Et c'est dans ce contexte-là qu'on peut comprendre les paroles de Jésus et les paroles de saint Paul ; qu'on peut comprendre que Jésus dit : " Celui qui aime son frère est passé de la mort à la vie ", il change de vie, il est mené par un Autre, il ne vit plus pour soi. Saint Paul dit : " Le chrétien ne vit plus pour soi-même, il ne meurt plus pour soi-même. " Il vit pour Jésus, il mange pour Jésus, il donne sa vie aux autres pour Jésus. Il est saisi par un Autre. Saint Paul écrivait : " J'ai été saisi par le Christ Jésus. Je veux lui devenir conforme dans la mort et la résurrection. " Mort à soi-même, ouverture à Dieu. Jésus, combien de fois a-t-il dit : " Il faut perdre sa vie pour la trouver. " Tout l'enseignement de Jésus suppose ce regard de foi que nous avons. Qu'est-ce que c'est que notre vie ? C'est quelque chose que nous avons reçu biologiquement de nos parents, que nous recevons de la culture, de la société, de l'éducation, qui nous permet d'avoir de grands projets et de réussir humainement. Et c'est souhaitable, et c'est très beau, ça permet de vivre des valeurs, des valeurs philosophiques, des valeurs scientifiques, des valeurs de découvertes, des valeurs de partage… mais qui nous fait accueillir Quelqu'un qui nous montre que la valeur suprême est de se quitter pour les autres, et de ne plus vivre à partir de soi.

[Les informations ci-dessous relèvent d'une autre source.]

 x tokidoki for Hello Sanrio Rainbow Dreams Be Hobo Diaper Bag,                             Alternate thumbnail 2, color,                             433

" Considérez-vous - écrit saint Paul - vous, les baptisés dans la mort et la résurrection de Jésus, vous êtes morts au péché et vivants pour Dieu. " Qu'est-ce que c'est que le péché ? Le péché, c'est s'arrêter à soi. Je vis ma vie biologique, ma vie de confort, ma vie de profession, ma vie de réussite humaine ; et je m'arrête là, je ne dépends pas d'un Autre. Je pense que c'est à partir de ça que nous pouvons interpréter ces textes d'une très grande modération, ne pas s'amuser à décrire la résurrection, mais à se dire comme Paul, " c'est Dieu tout en tous. " Est-ce que Dieu est déjà tout dans notre vie ? Et quand saint Paul proclame que la vie de l'Eglise et des chrétiens entre eux, c'est " Il n'y a plus ni homme ni femme, ni juif ni grec, ni esclave ni homme libre. Il n'y a que le Christ tout en tous ", il proclame que ce qui nous fait vivre, c'est la réalité autre qui nous conduit ailleurs.

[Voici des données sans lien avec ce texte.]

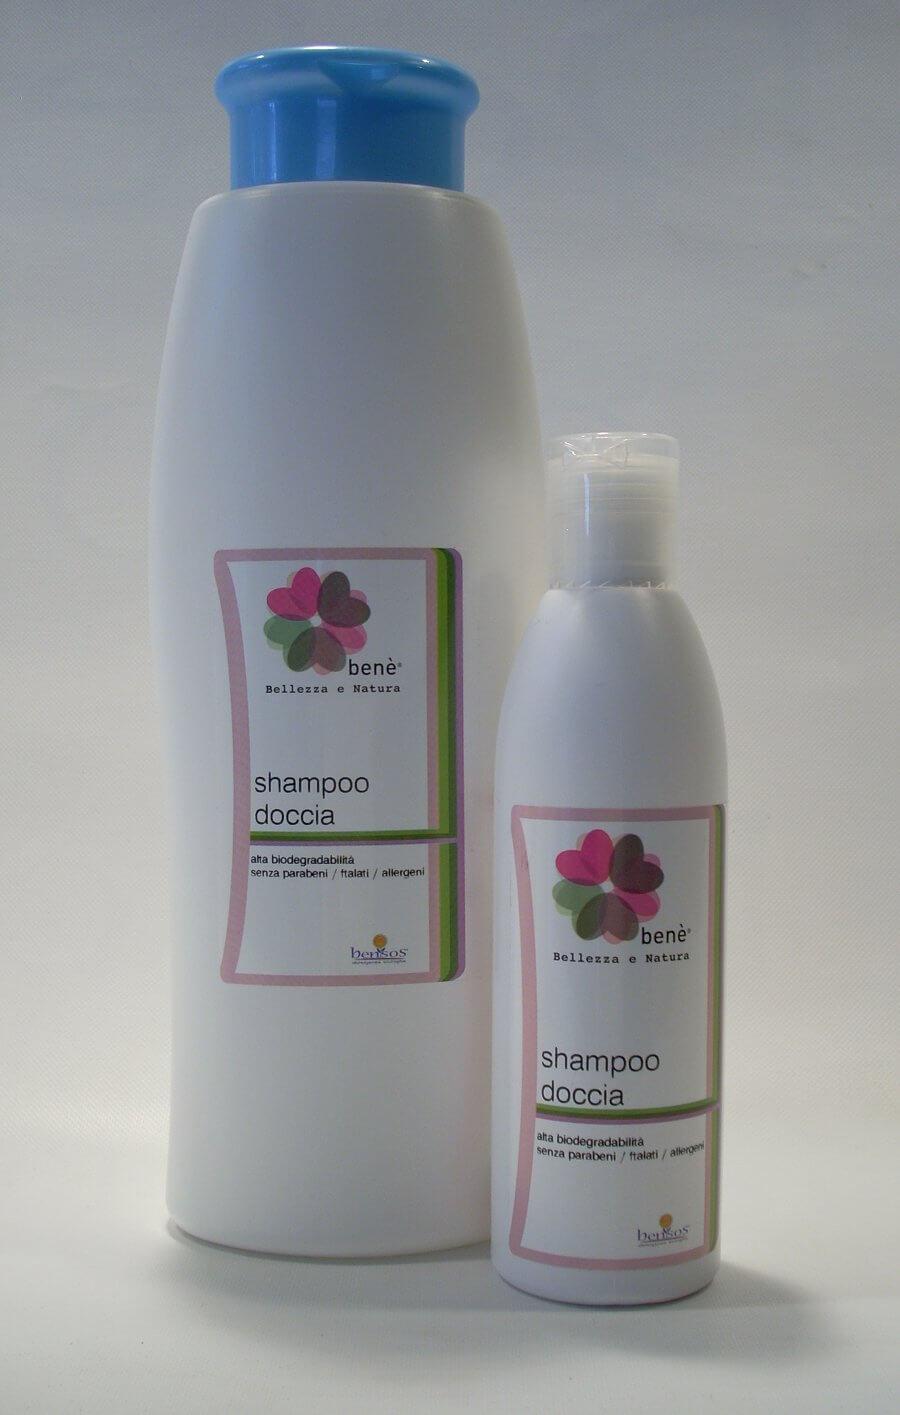 Benè Shampoo Doccia, naturale ed emolliente

Et Paul écrit encore : " La vie éternelle est déjà commencée. Notre vie est cachée avec le Christ en Dieu " - si bien que nous vivons autrement. Et nous savons, dans l'espérance que, Dieu, qui est le cœur de notre vie aujourd'hui, qui nous fait vivre pour les autres à la façon de Jésus, en imitant Jésus, Dieu nous appelle à ce que toutes nos dimensions humaines soient saisies en lui, à la fin de notre existence biologique, programmée pour se terminer dans la mort, dans une transfiguration de notre unité, si nous vivons dans l'unité de toutes nos dimensions, et que nous sommes appelés à être transfigurés en Dieu. Et c'est ça la résurrection telle que la Bible nous dit. On n'en sait pas plus, mais respectons ce mystère. Et surtout, vivons-le ! Quand nous voyons des hommes qui donnent leur vie pour leurs frères, dans un dévouement du matin au soir, ils vivent comme des ressuscités, ils vivent " ailleurs ", ils vivent au-delà d'eux-mêmes. Quelqu'un les conduit.

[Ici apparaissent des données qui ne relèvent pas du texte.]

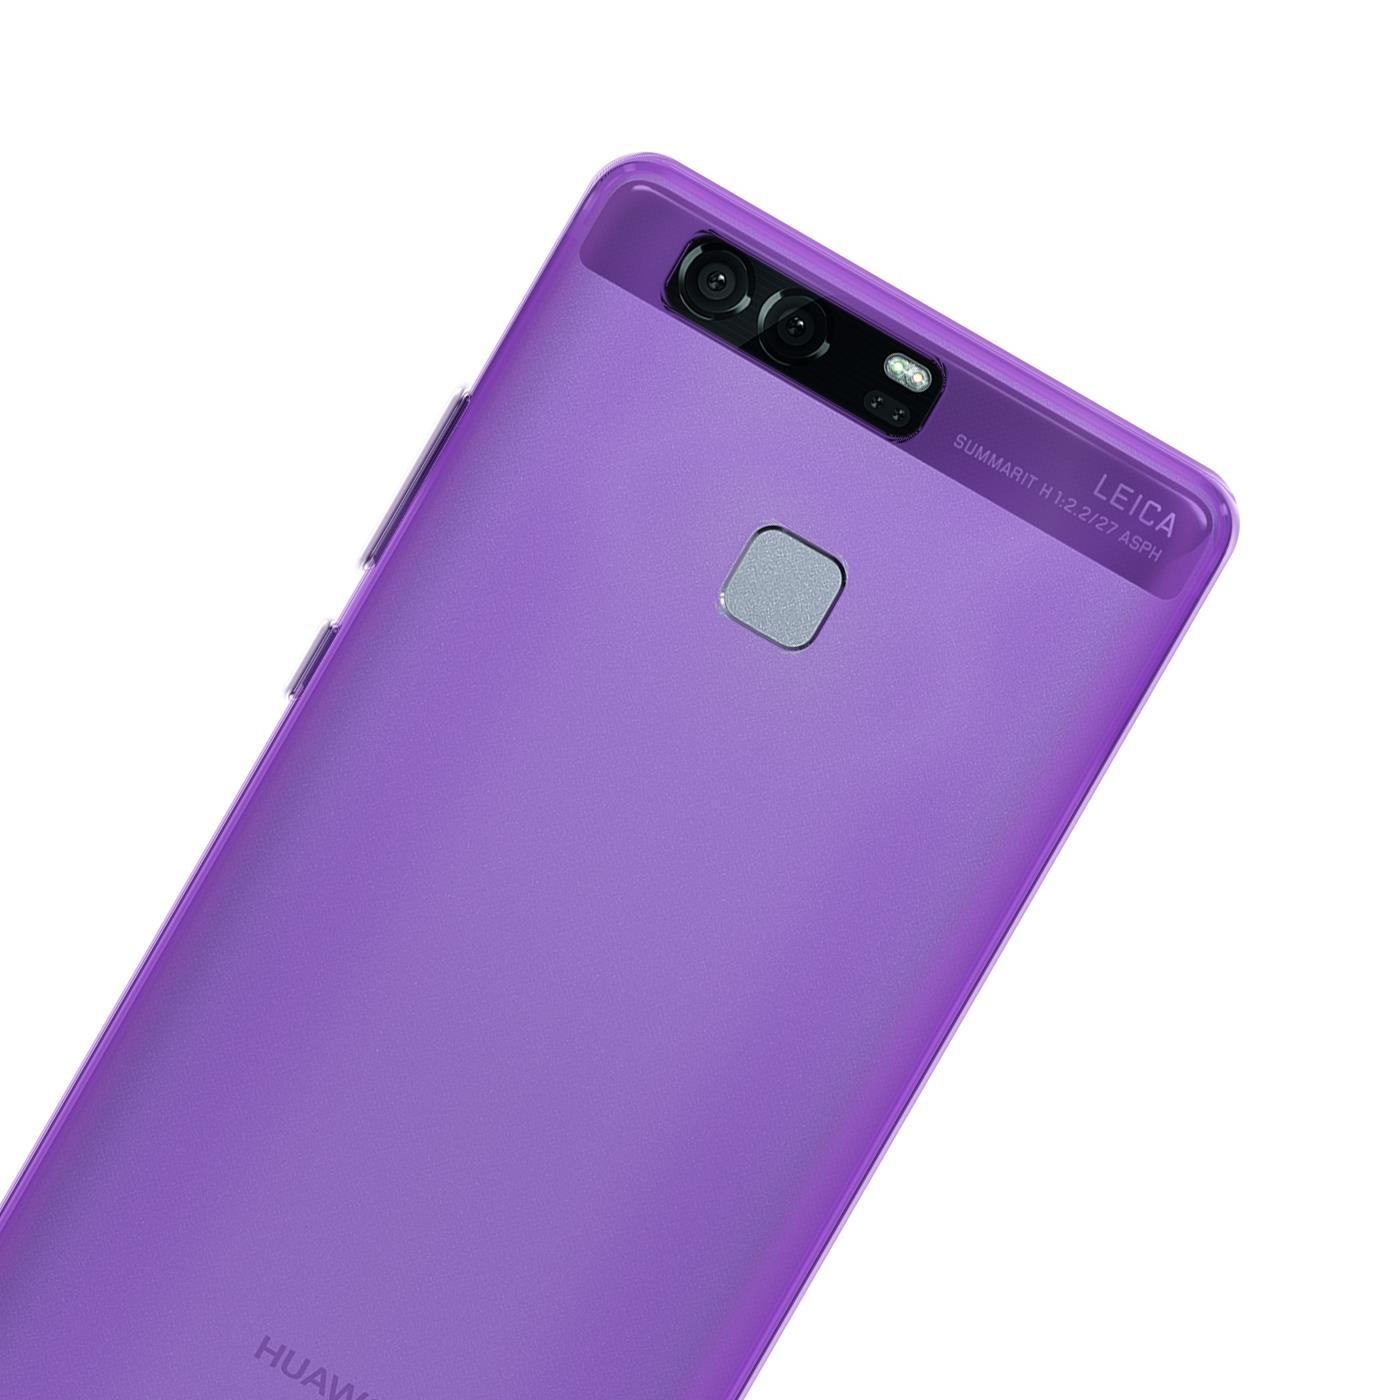 Huawei-p9-Duenn-Silikon-Klar-Case-Cover-Ultra-Slim-Stossfeste-Gel-Rueckseite Indexbild 22

Et je pense que c'est seulement à cette condition-là, dans la foi, que nous entrons dans ce message de Jésus - et que nous comprenons, intérieurement, qu'il y a une réalité autre, qui s'appelle Dieu, et qui nous appelle à être saisis par lui totalement, déjà maintenant, et au-delà de tout ce qu'on peut imaginer.